AIM OF THE TASK: Lines from the one with "Easy Christmas Eve Appetizers" up to and including the one with "My Inspired Home" are to be copied exactly from the records below, without their pictures.

╭─ RECORDS PROVIDED

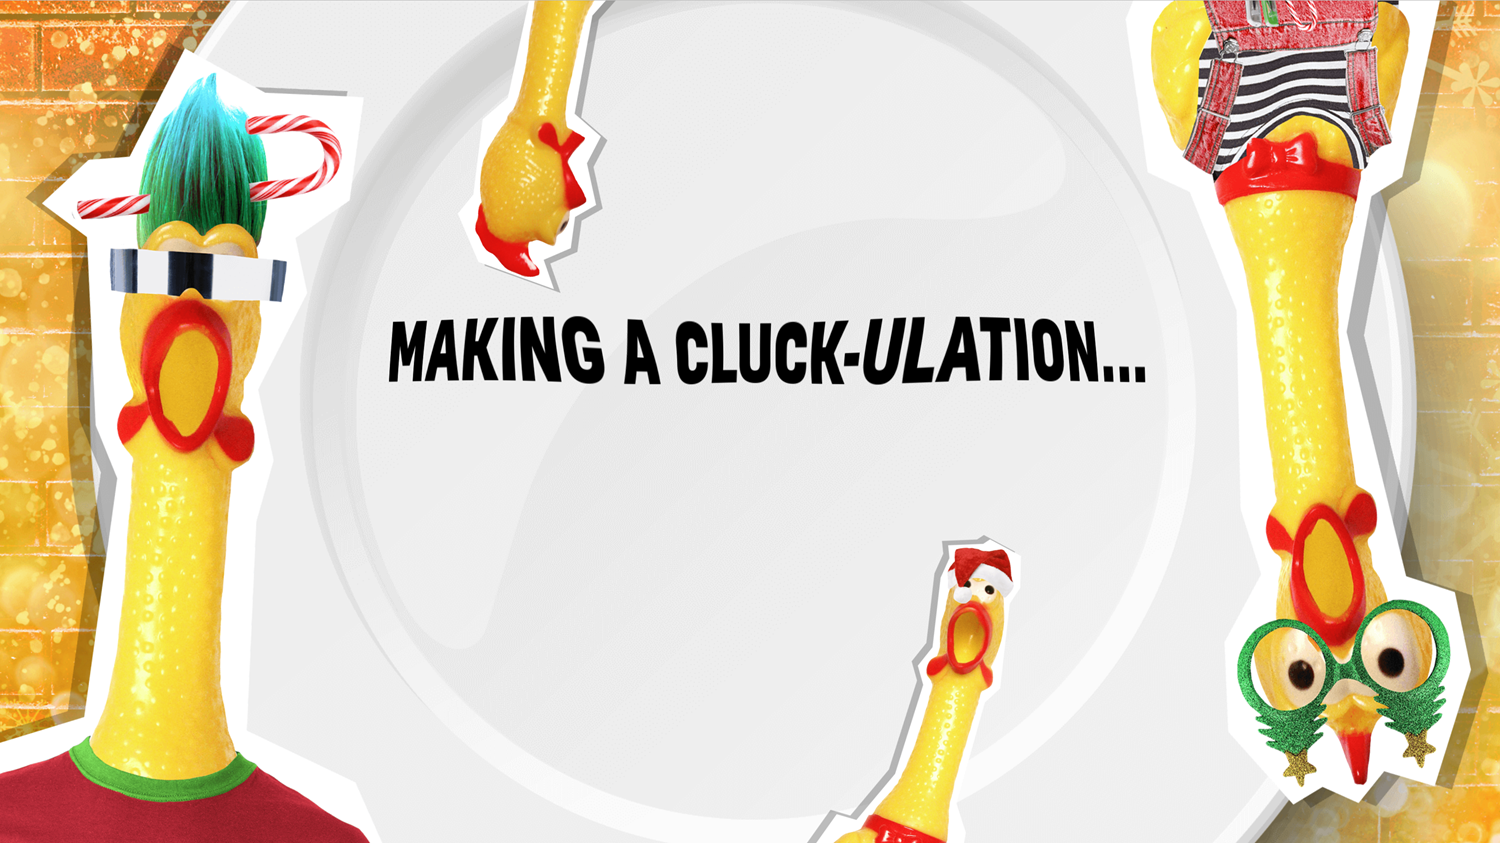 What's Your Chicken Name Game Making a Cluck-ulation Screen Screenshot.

╰─
╭─ RECORDS PROVIDED

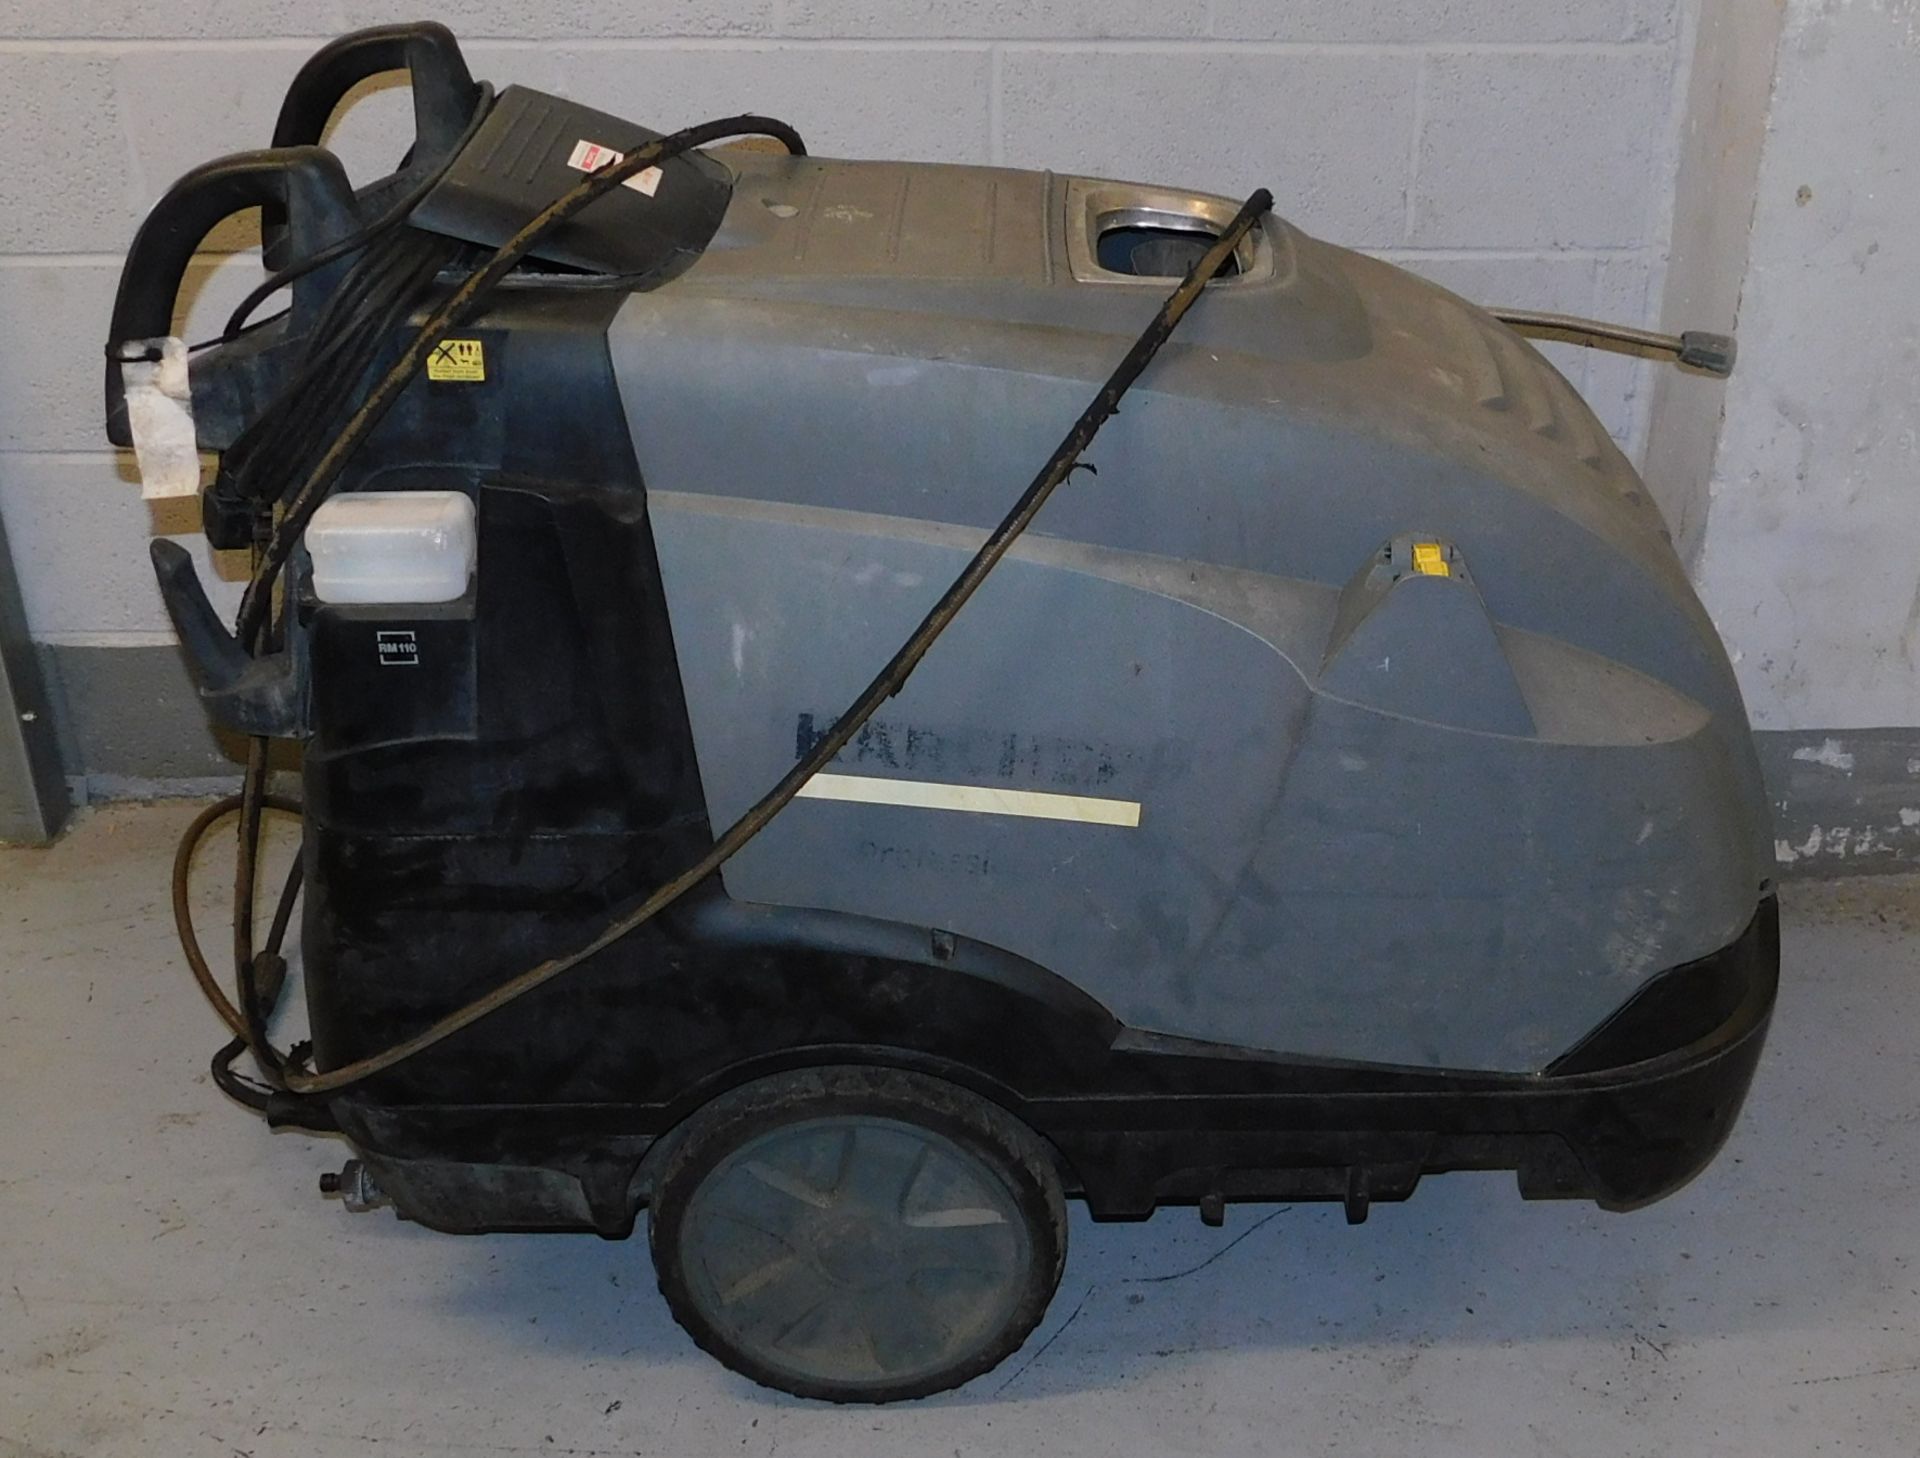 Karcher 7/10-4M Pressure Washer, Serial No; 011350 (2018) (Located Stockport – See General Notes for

╰─
╭─ RECORDS PROVIDED

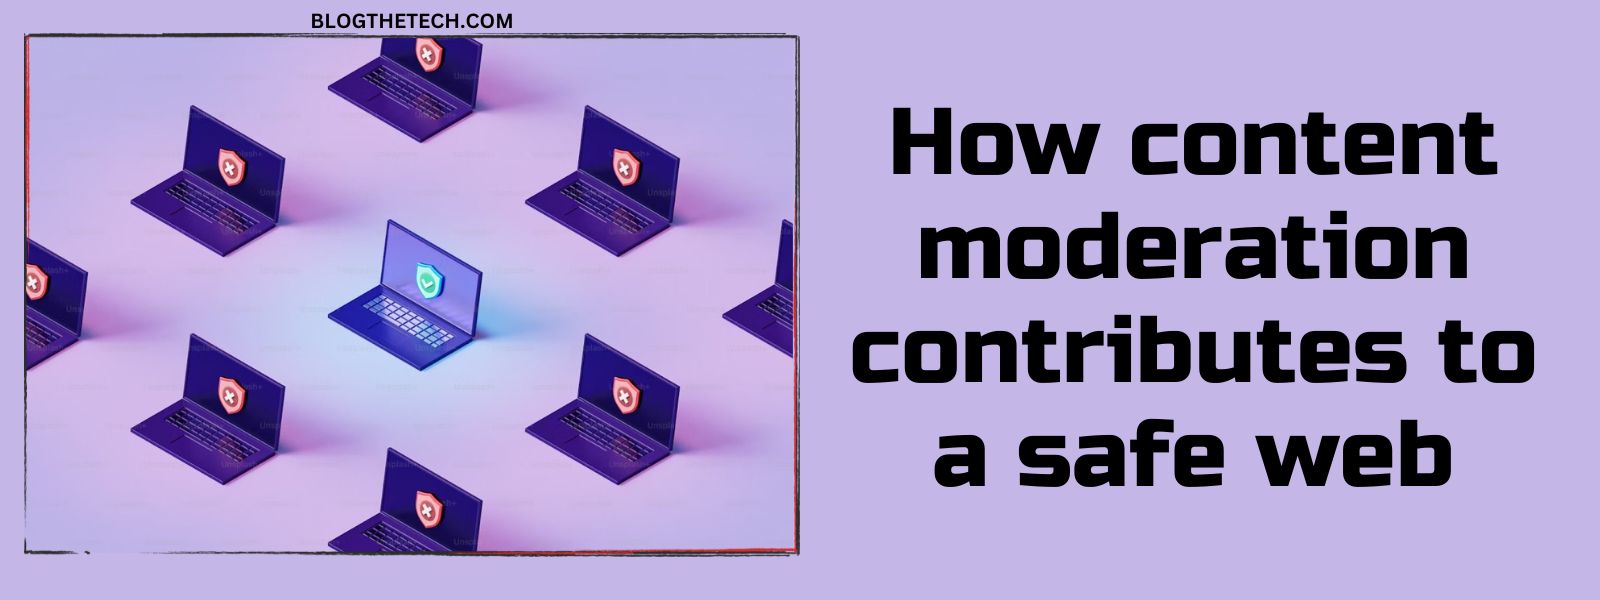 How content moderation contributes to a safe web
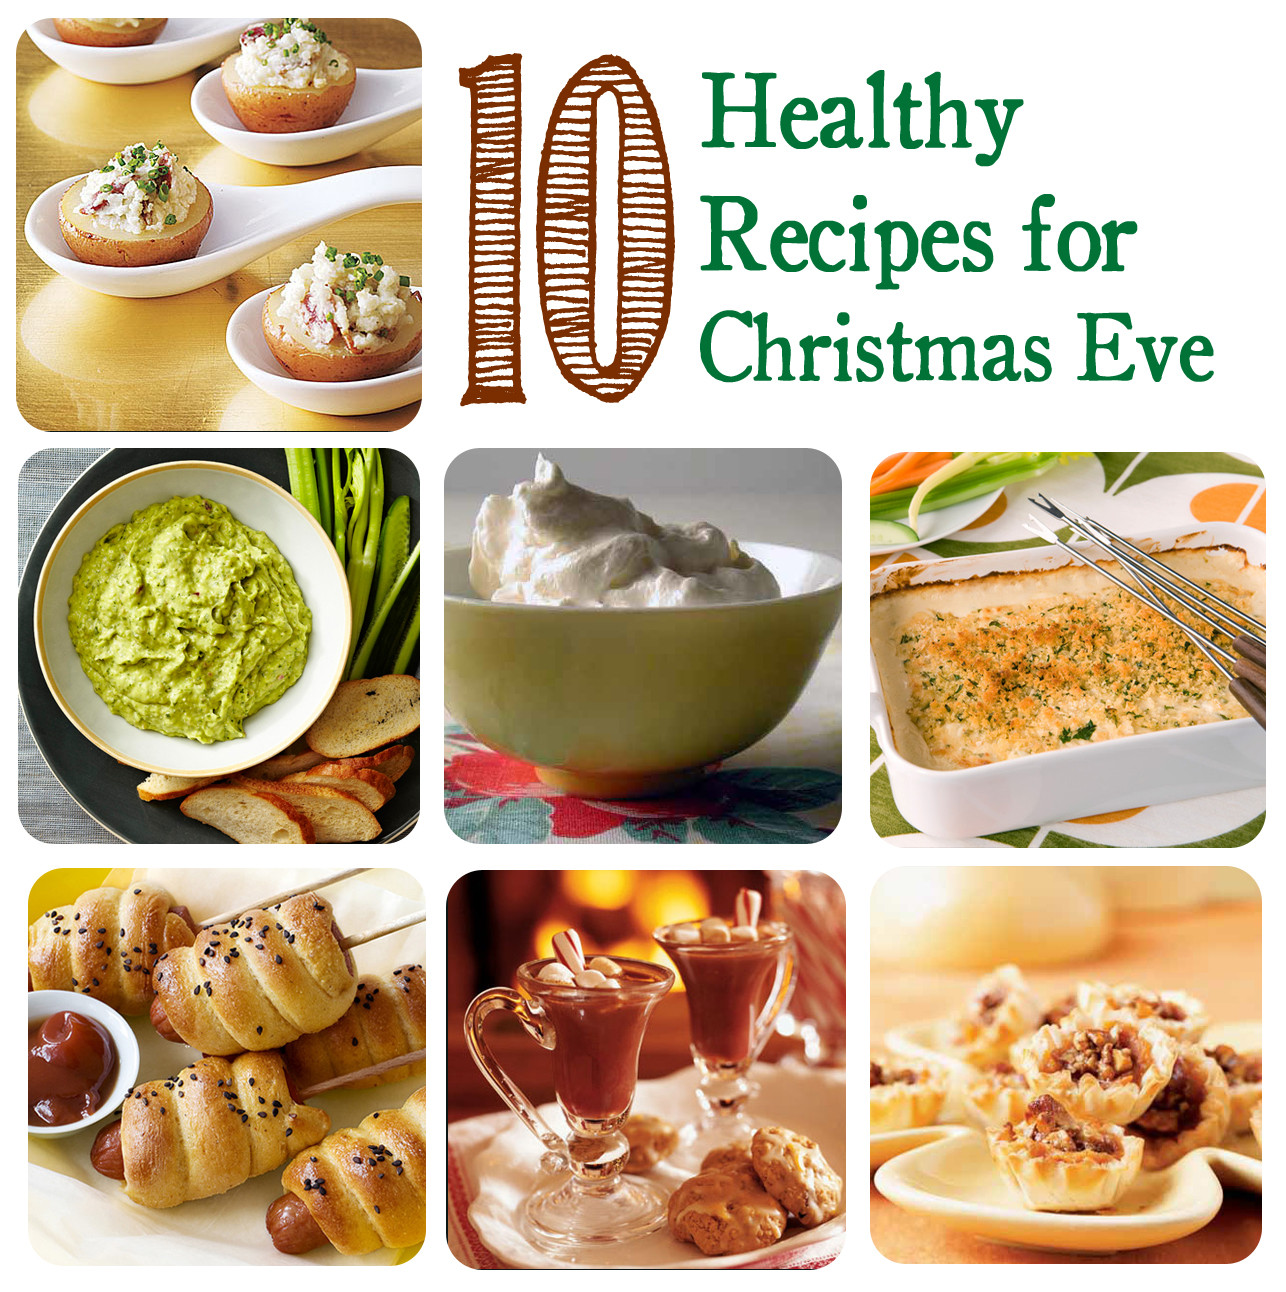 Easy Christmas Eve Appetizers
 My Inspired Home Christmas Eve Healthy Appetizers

╰─

EXERCISE OUTPUT:
 Easy Christmas Eve Appetizers
 My Inspired Home Christmas Eve Healthy Appetizers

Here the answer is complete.